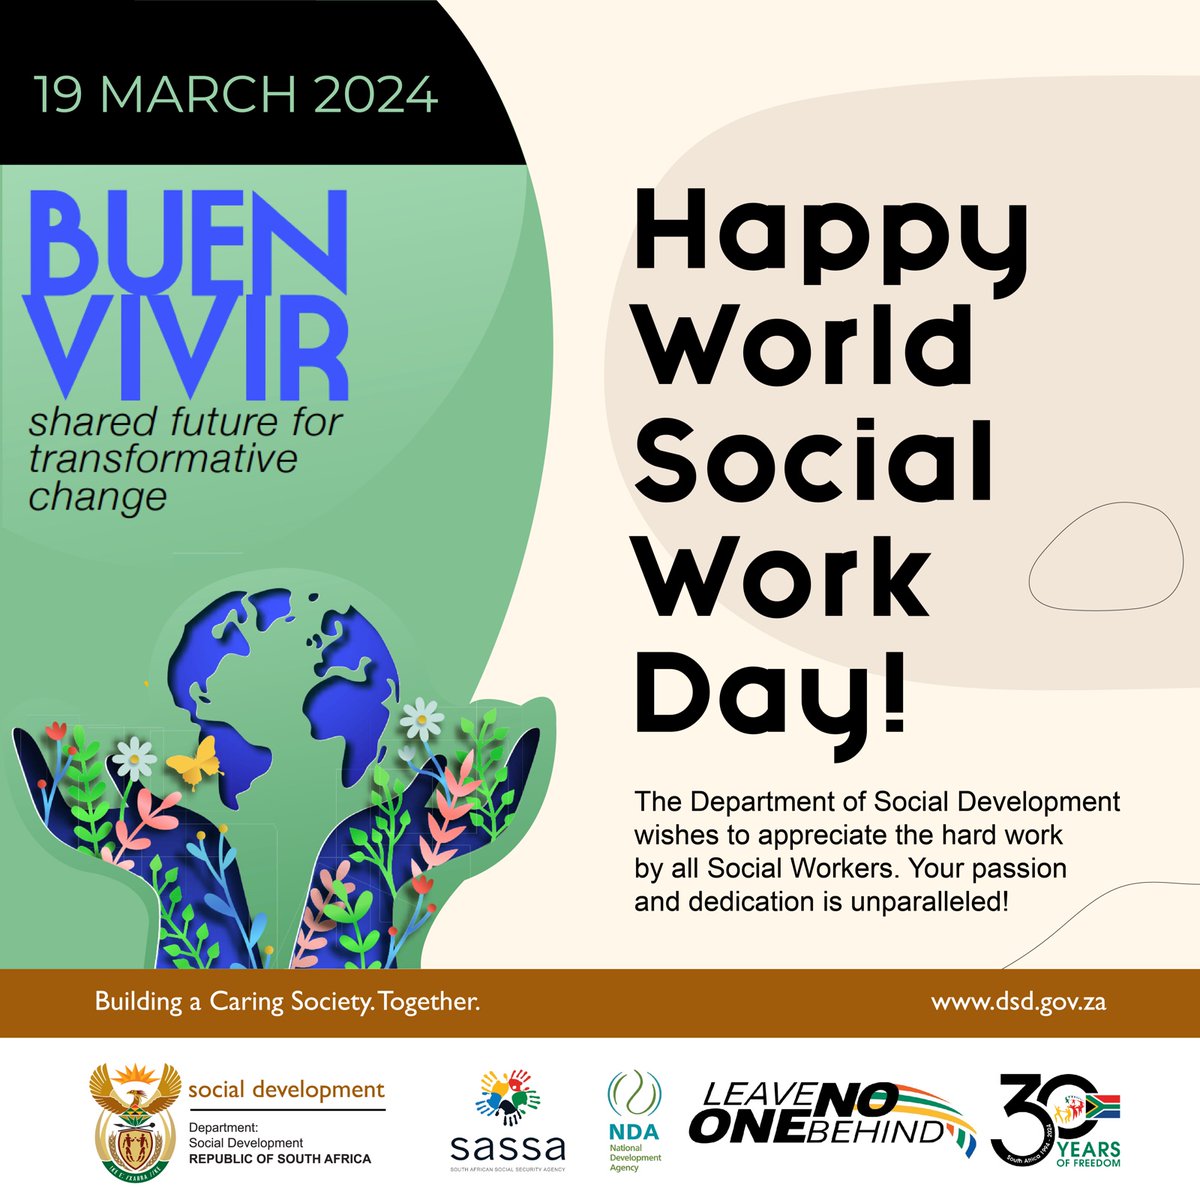 Today is World Social Work Day.

South Africa recognises and appreciates the significant role social workers play in communities across the country.

#socialworkday
#SaferCommunities
#30YearsOfFreedom
#LeaveNoOneBehind

####################

Nothing but the lines from the one containing "#SaferCommunities" through the last line of the listing should be output, each exactly as written.

### Exercise solution
#SaferCommunities
#30YearsOfFreedom
#LeaveNoOneBehind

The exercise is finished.